Problem description - The pictures in the data below are to be omitted; all else must be duplicated exactly.

Dataset section -
——

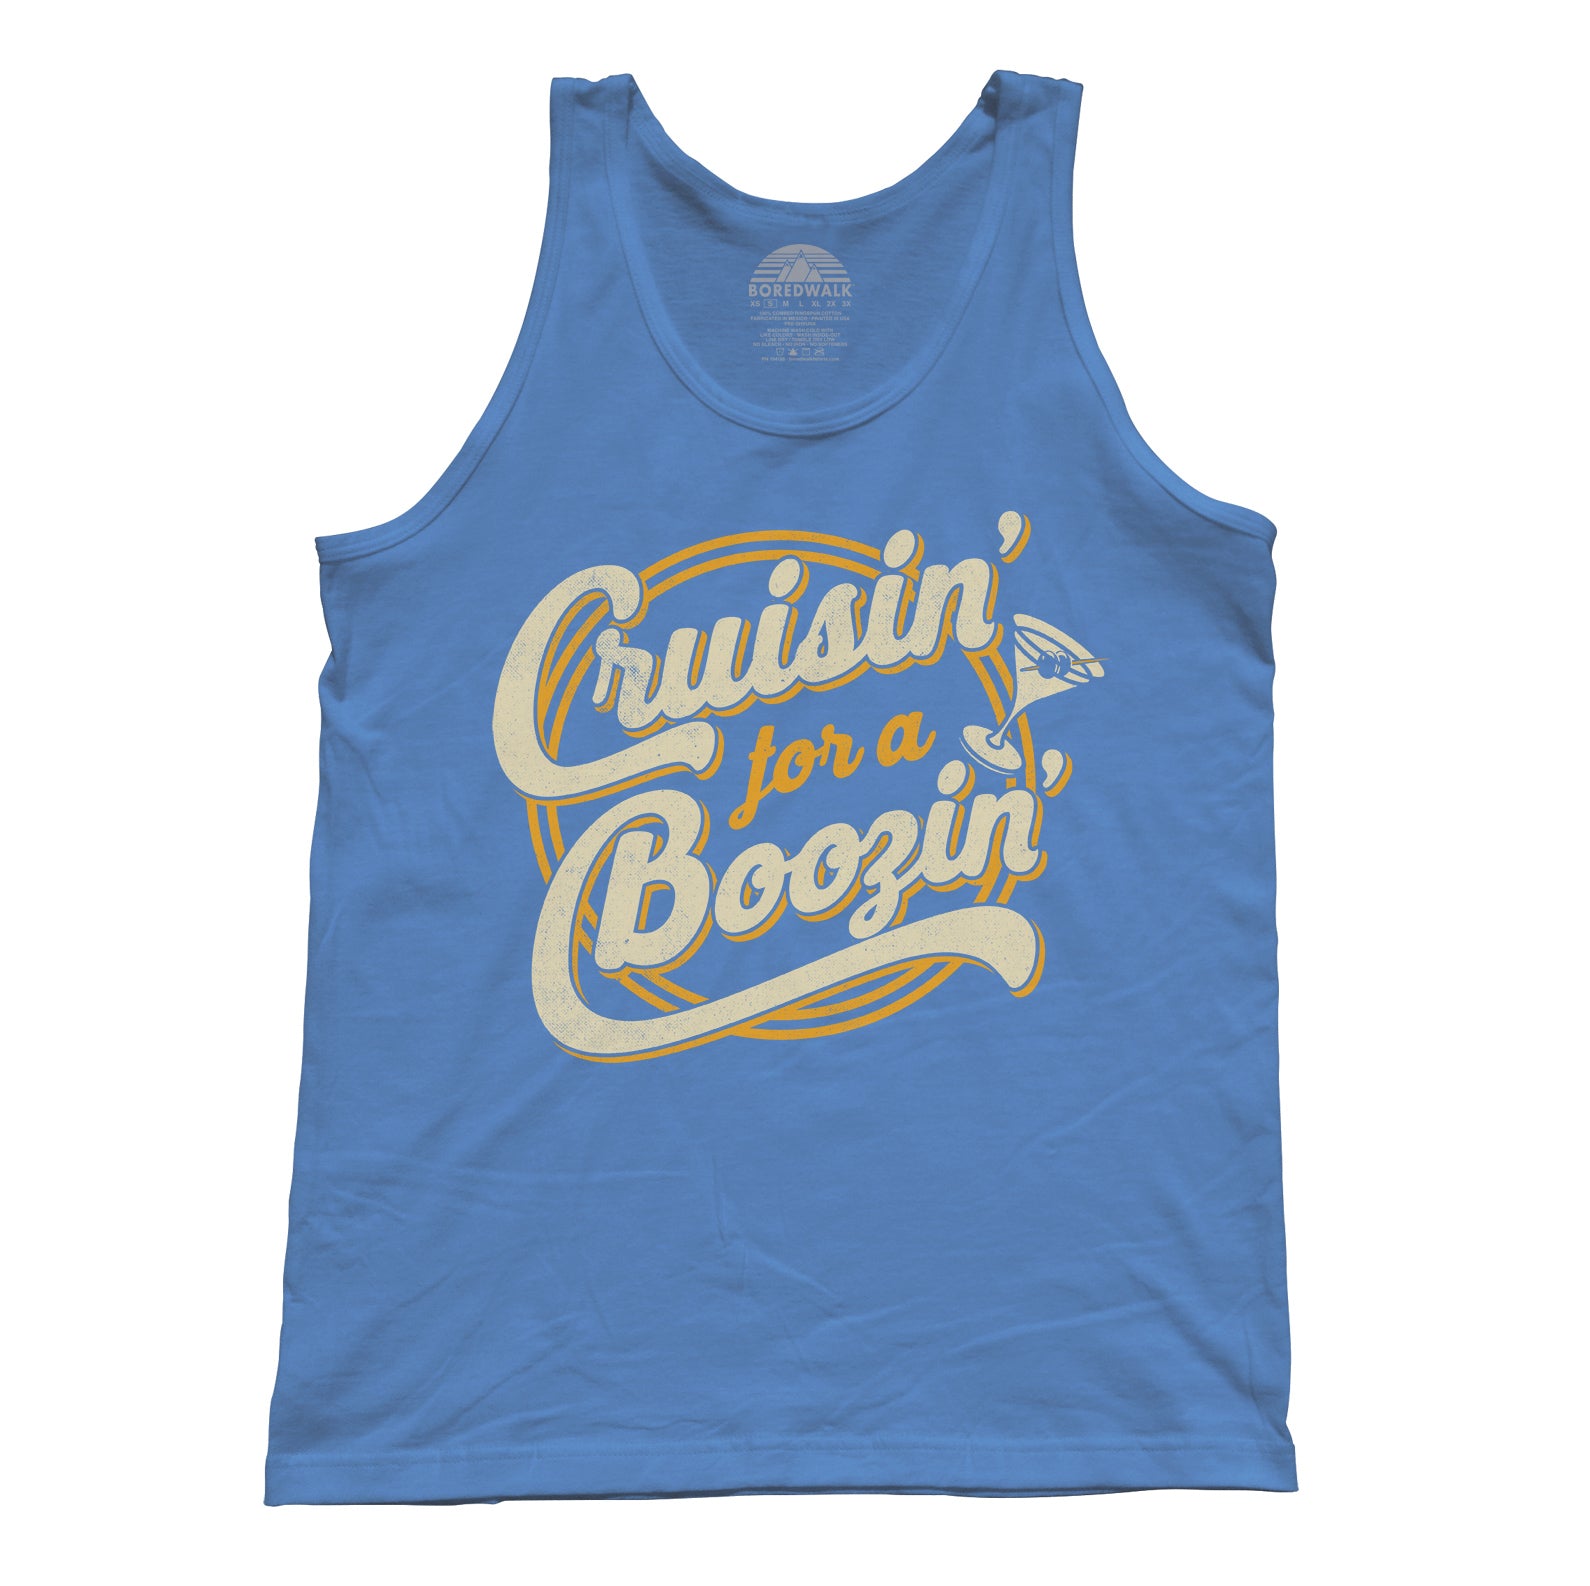 Unisex Cruisin for a Boozin Tank Top - Funny Drinking Shirt
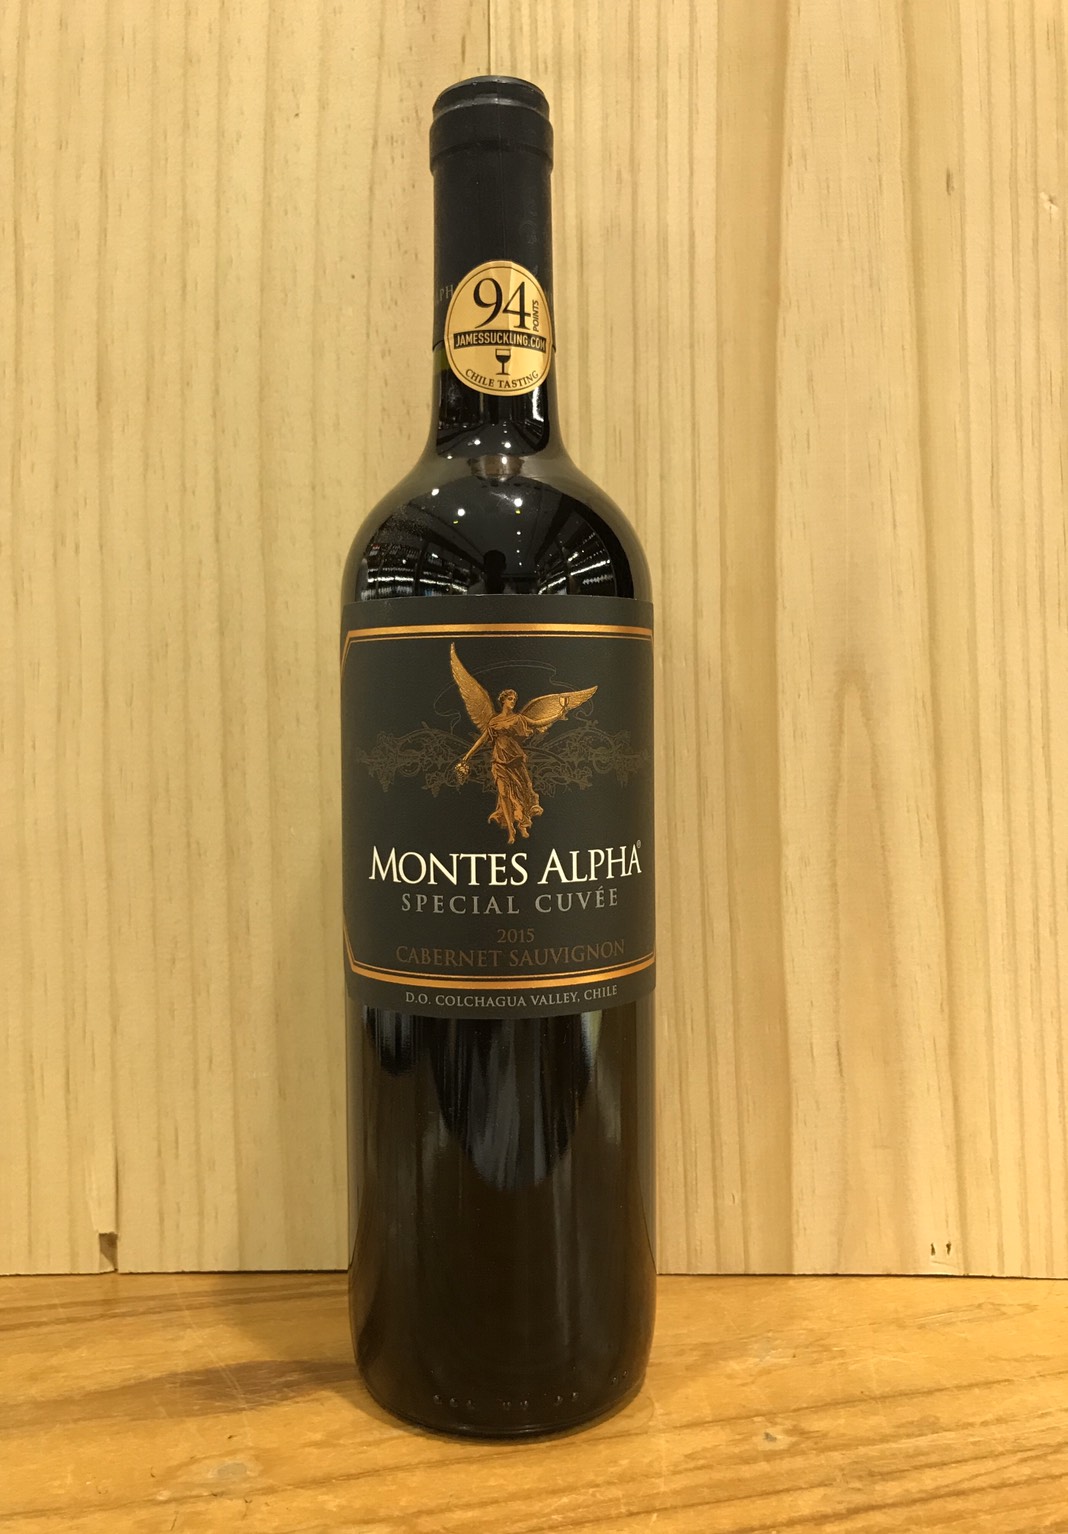 Montes Alpha special cuvee cabernet sauvignon
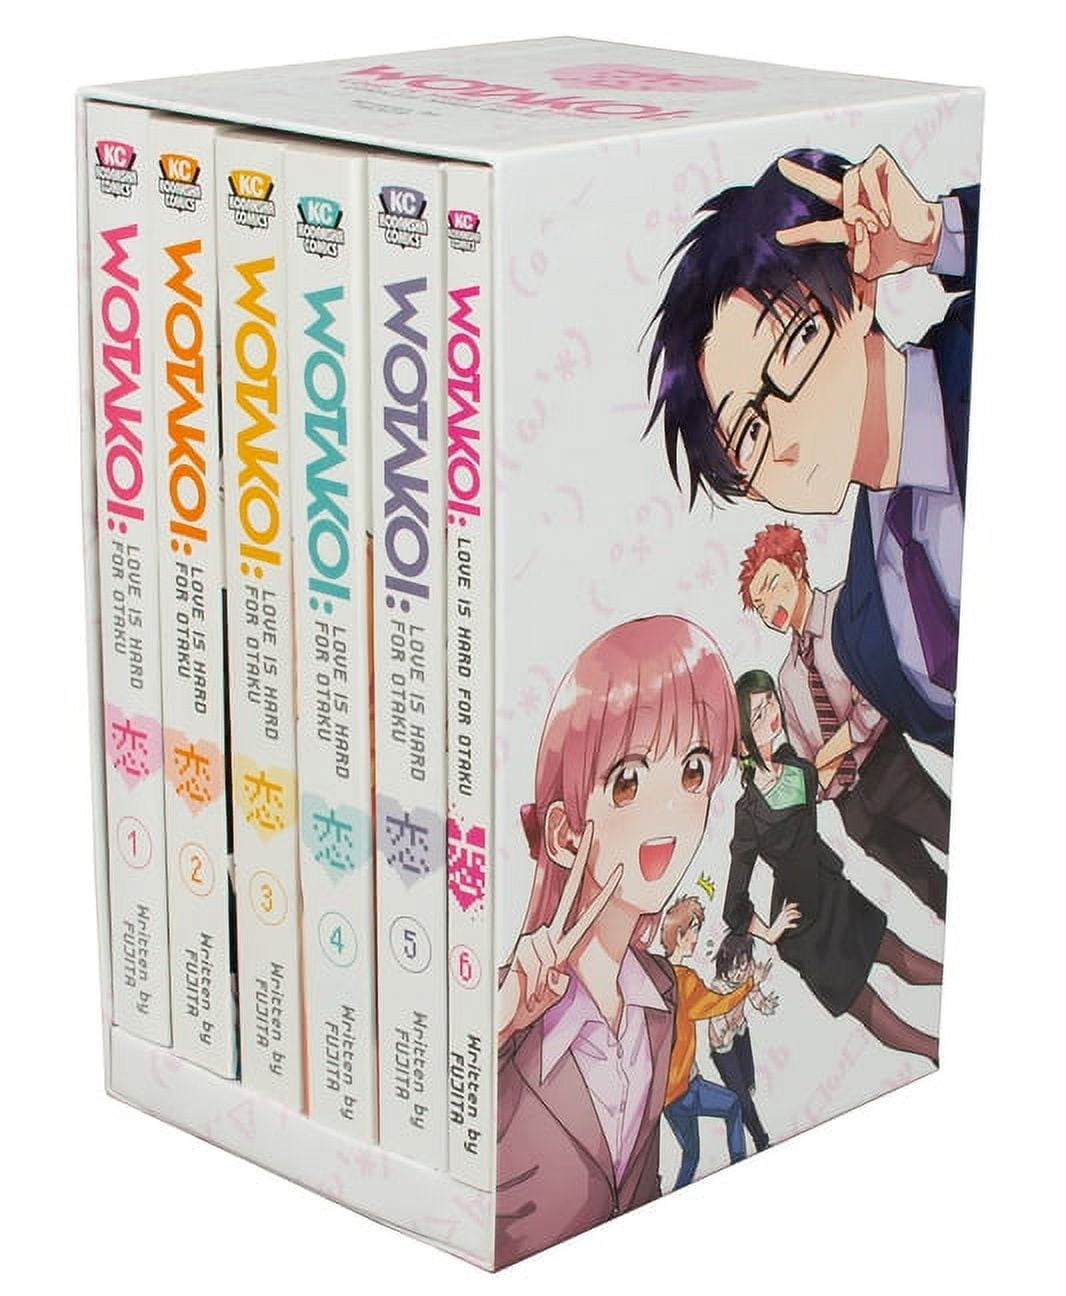 Wotakoi Box Set: Wotakoi: Love Is Hard for Otaku Complete Manga
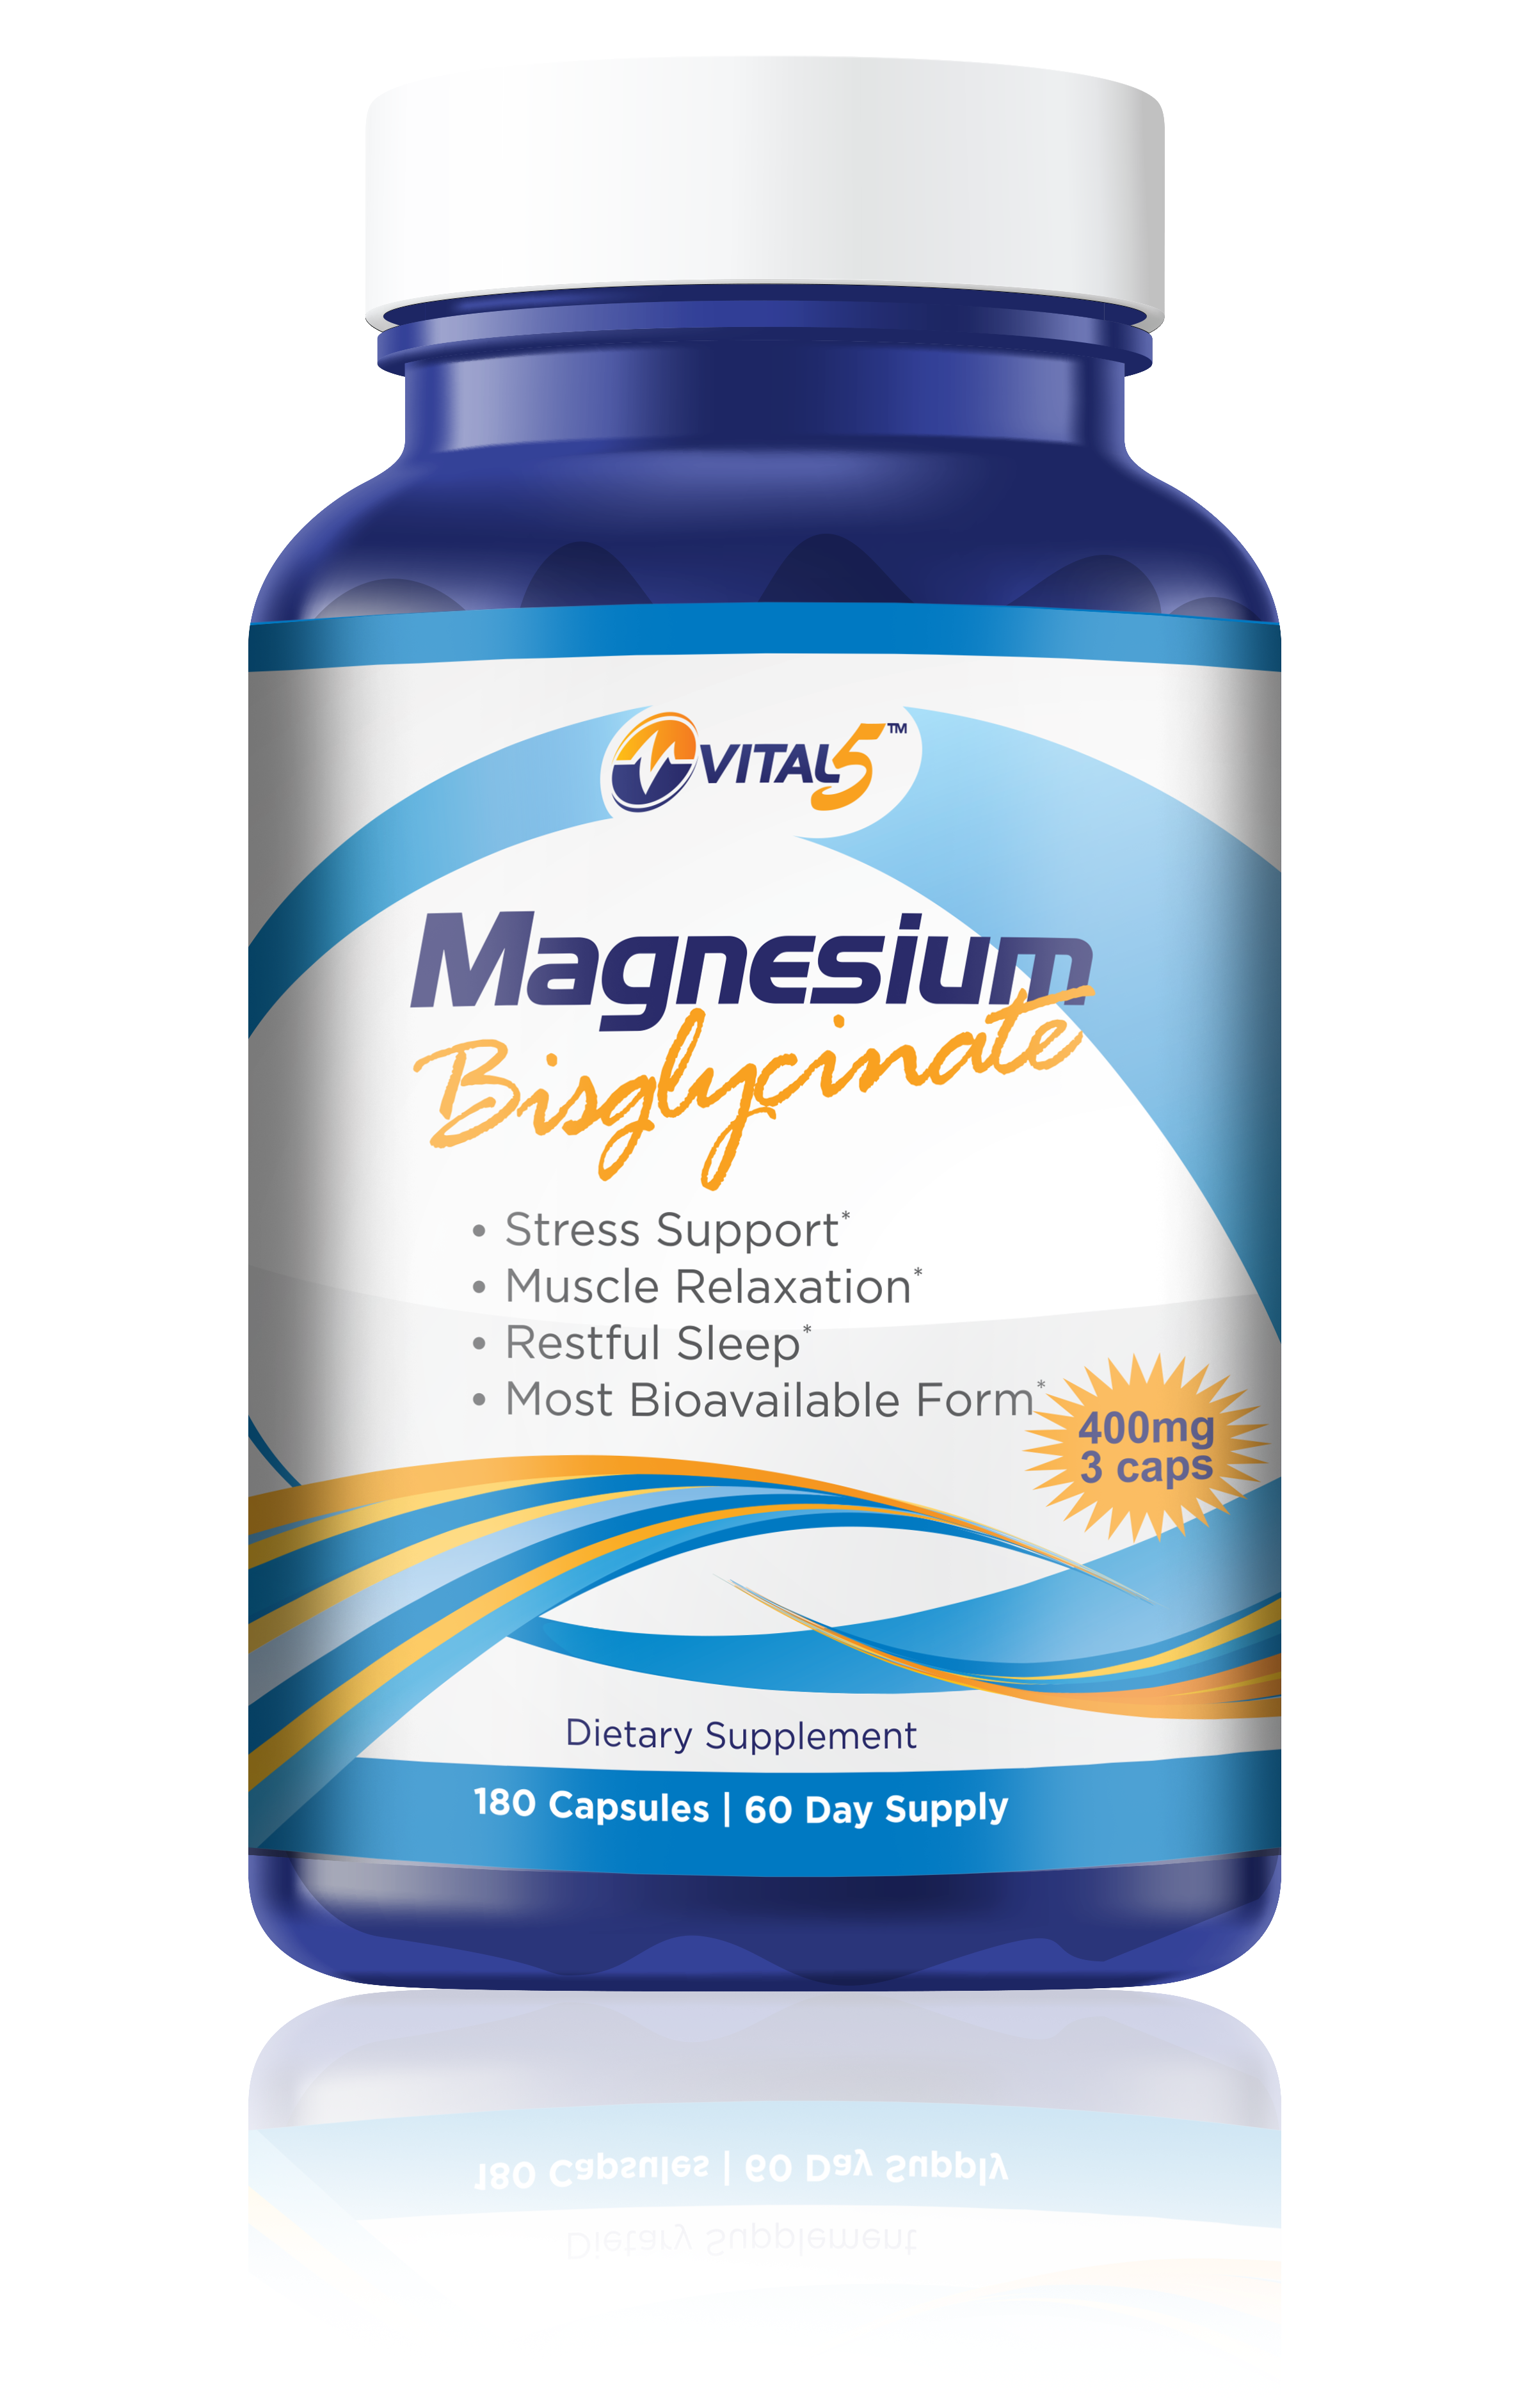 Vital 5 Magnesium Bisglycinate

——

Answer below -
 Unisex Cruisin for a Boozin Tank Top - Funny Drinking Shirt
 Montes Alpha special cuvee cabernet sauvignon
 Wotakoi Box Set: Wotakoi: Love Is Hard for Otaku Complete Manga
 Vital 5 Magnesium Bisglycinate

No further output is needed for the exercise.